Coadministration of a single dose of midazolam (CYP3A substrate: 2 mg), omeprazole (CYP2C19 substrate: 20 mg), and metoprolol (CYP2D6 substrate: 100 mg) increased midazolam, omeprazole, or metoprolol AUCinf by 4-, 3-, and 2-fold, respectively [see Drug Interactions (7.2)].

In Vitro Studies

Fedratinib as a Substrate for Transporters:

Fedratinib is a substrate of P-glycoprotein (P-gp) but not breast cancer resistance protein (BCRP), BSEP, multidrug resistance protein (MRP), MRP2, and organic anion transporting polypeptide (OATP)1B1 and OATP1B3.

Effect of Fedratinib on Transporter Substrates:

Fedratinib inhibits P-gp, BCRP, OATP1B1, OATP1B3, organic cation transporter (OCT)2, multidrug and toxin extrusion (MATE) protein 1, and MATE-2K, but not BSEP, MRP2, and organic anion transporter (OAT)1 and OAT3 in vitro.
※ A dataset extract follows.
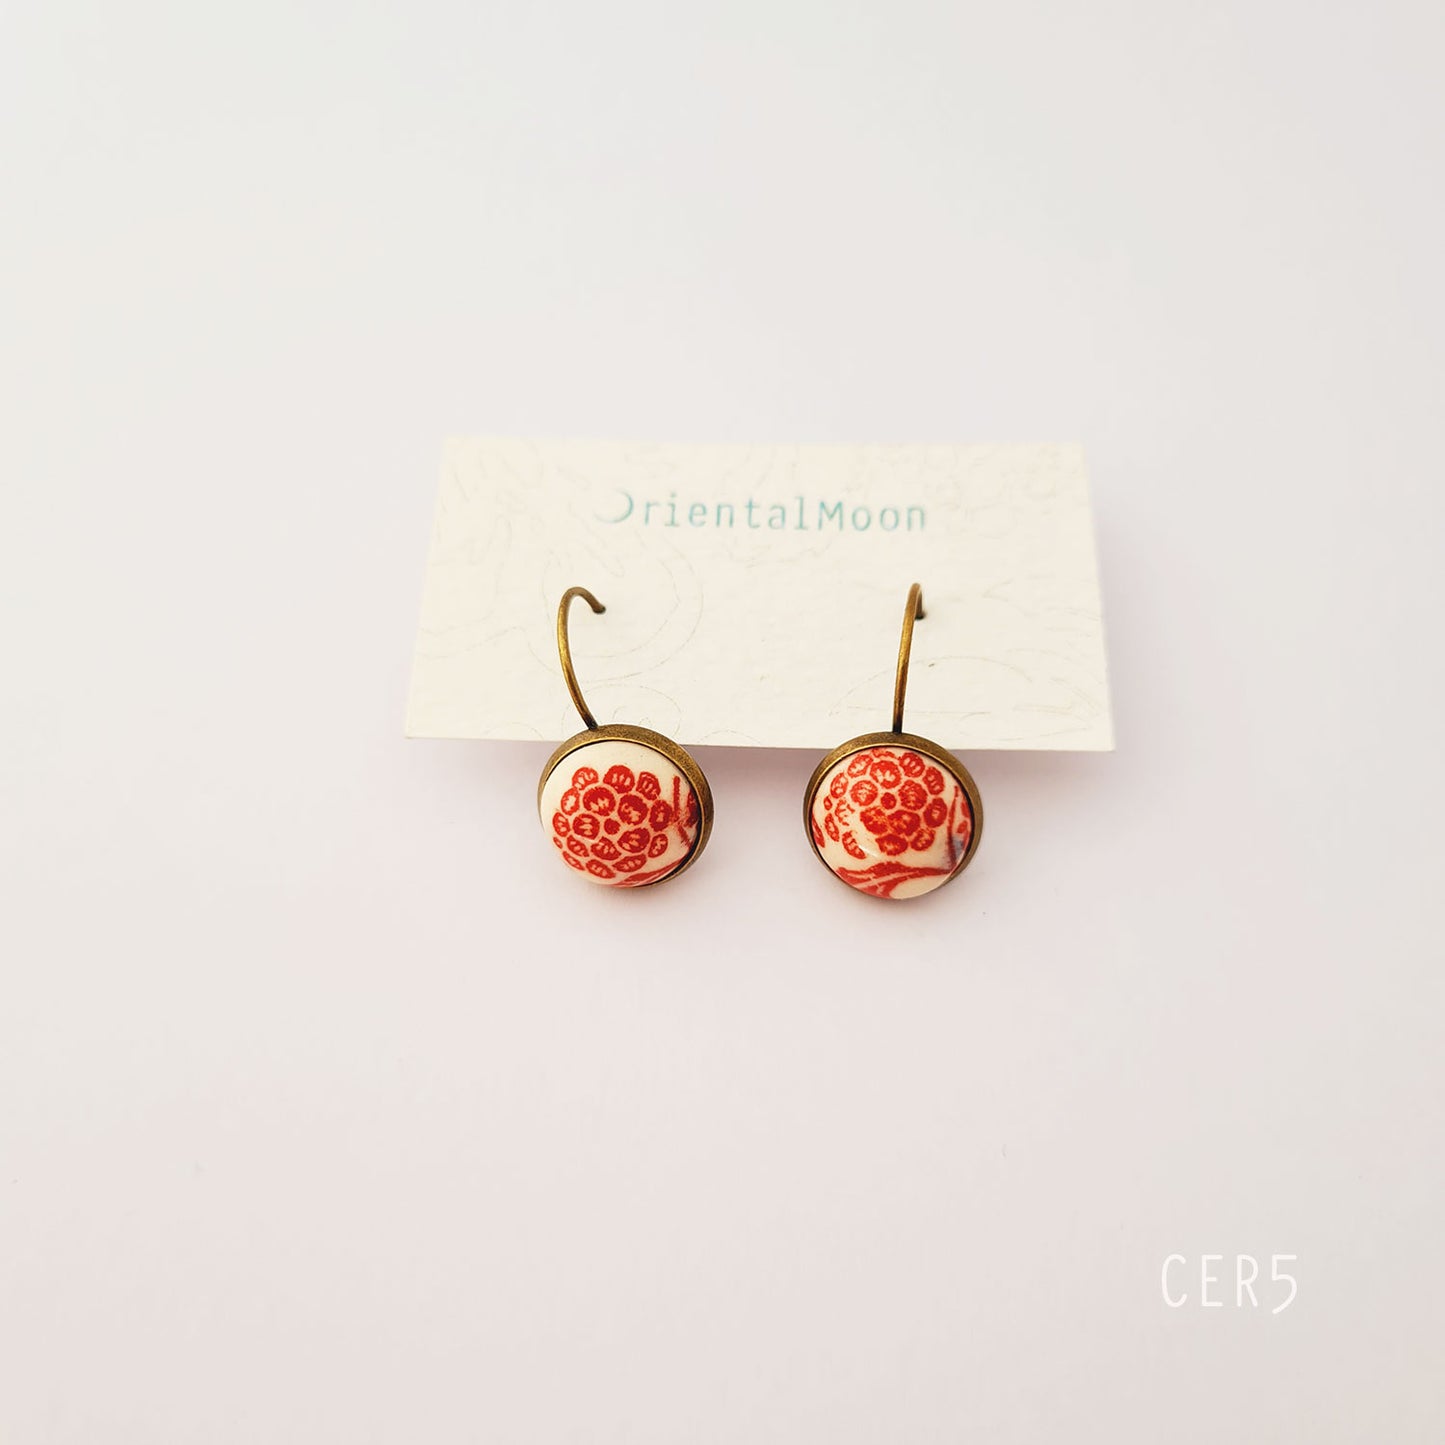 Cabonchon lever back earrings with brass base (red)ต่างหูหลังเต่าแบบเกี่ยว( Pattern type)

13.1. Carcinogenesis, Mutagenesis, Impairment of Fertility

Fedratinib was not carcinogenic in the 6-month Tg.rasH2 transgenic mouse model.

Fedratinib was not mutagenic in a bacterial mutagenicity assay (Ames test) or clastogenic in in vitro chromosomal aberration assay (Chinese hamster ovary cells) or in vivo in a micronucleus test in rats.

In a fertility study in rats, fedratinib was administered for at least 70 days (males) and 14 days (females) prior to cohabitation and up to the implantation day (gestation day 7). Fedratinib had no effect on the estrous cycle parameters, mating performance, fertility, pregnancy rate or reproductive parameters in male or female rats at doses up to 30 mg/kg. The exposure (AUC) at the dose of 30 mg/kg/day is approximately 0.10 to 0.13 times the clinical exposure at the recommended daily dose.

13.2. Animal Toxicology and/or Pharmacology

The JAK/STAT pathway has been implicated in bone formation and metabolism, and its inhibition may cause bone abnormalities, e.g. in developing bone. There is currently no evidence of bone abnormalities in patients who received INREBIC.

14. Clinical Studies

JAKARTA

JAKARTA (NCT01437787) was a double-blind, randomized, placebo-controlled trial in patients with intermediate-2 or high-risk myelofibrosis, post-polycythemia vera myelofibrosis or post-essential thrombocythemia myelofibrosis with splenomegaly. A total of 289 patients were randomized to receive either INREBIC 500 mg (N=97), 400 mg (n=96) or placebo (n=96) once daily for at least 6 cycles. The median age was 65 years (range 27 to 86 years), 47% of patients were older than 65 years and 59% were male. Sixty-four percent (64%) of patients had primary MF, 26% had post-polycythemia vera MF, and 10% had post-essential thrombocythemia MF. Fifty-two percent (52%) of patients had intermediate-2 risk, and 48% had high-risk disease. The median baseline hemoglobin level was 10.2 g/dL. The median baseline platelet count was 214 × 109/L; 16% of patients had a platelet count <100 × 109/L and 84% of patients had a platelet count ≥100 × 109/L. Patients had a baseline median palpable spleen length of 15 cm. Patients had a baseline median spleen volume as measured by magnetic resonance imaging (MRI) or computed tomography (CT) of 2568 mL (range of 316 to 8244 mL) (the upper limit of normal is approximately 300 mL). Patients underwent MRI or CT spleen volume assessment (after the third and sixth cycle) with a follow-up scan 4 weeks after Cycle 6.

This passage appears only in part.